- Theatrical release poster
- Directed by: Victor Saville
- Screenplay by: Alan Green; Lesser Samuels;
- Based on: The Long Wait by Mickey Spillane
- Produced by: Lesser Samuels
- Starring: Anthony Quinn; Charles Coburn; Gene Evans; Peggie Castle;
- Cinematography: Franz Planer
- Edited by: Ronald Sinclair
- Music by: Mario Castelnuovo-Tedesco
- Production company: Parklane Pictures
- Distributed by: United Artists
- Release date: May 26, 1954;
- Running time: 94 minutes
- Country: United States
- Language: English
- Box office: $1.5 million

= The Long Wait =

1954 film by Victor Saville

The Long Wait is a 1954 American crime drama film noir directed by Victor Saville starring Anthony Quinn, Charles Coburn, Gene Evans and Peggie Castle.
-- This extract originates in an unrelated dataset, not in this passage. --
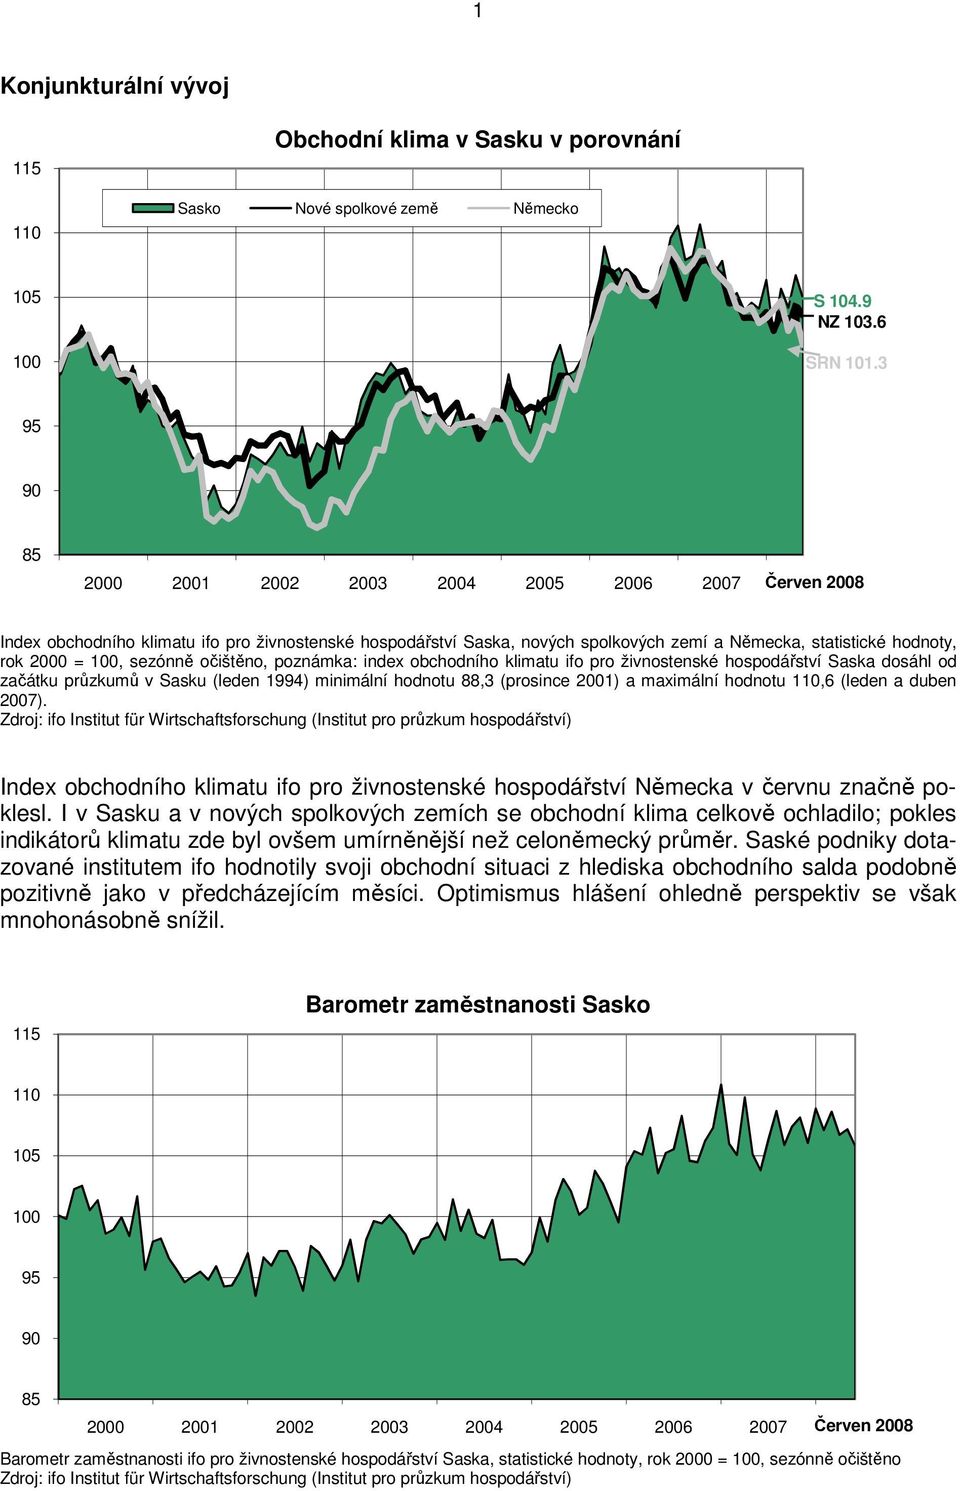 očištěno, poznámka: index obchodního klimatu ifo pro živnostenské hospodářství Saska dosáhl od začátku průzkumů v Sasku (leden 1994) minimální hodnotu 88,3 (prosince 2001) a maximální hodnotu 110,6

The film is based on the 1951 novel of the same title by Mickey Spillane. It was an independent production distributed by United Artists.

==Plot==
Johnny McBride is badly hurt while hitch hiking and loses his memory when the car he is riding in crashes; he also has his fingerprints burned off. Two years later, a clue leads him to his old home town, where he finds he is a murder suspect. McBride tries to clear his name of the presumed murder charges. Thugs working for the local mob boss try to end his meddling.

==Cast==
- Anthony Quinn as Johnny McBride
- Charles Coburn as Gardiner
- Gene Evans as Servo
- Peggie Castle as Venus
- Mary Ellen Kay as Wendy Miller
- Shirley Patterson as Carol Shay
- Dolores Donlon as Troy Avalon
- Barry Kelley as Tucker
- James Millican as Police Capt. Lindsey
- Bruno VeSota as Eddie Packman
- Jay Adler as Joe—Bellhop
- John Damler as Alan Logan
- Frank Marlowe as Pop Henderson

==Reception==
The New York Times called it slow-paced, boring, and likely to disappoint fans of the novel.

===Noir analysis===
Film Noir: An Encyclopedic Reference to the American Style by Alain Silver and Elizabeth Ward writes: "The inclusion of amnesia, giving the hero a sense of hopelessness compounded by the frustration of his loss of identity, instills a distinct existential bias into McBride's search. This attitude combines with a pervading sense of corruption and dehumanization to give The Long Wait a fatalistic noir ethos."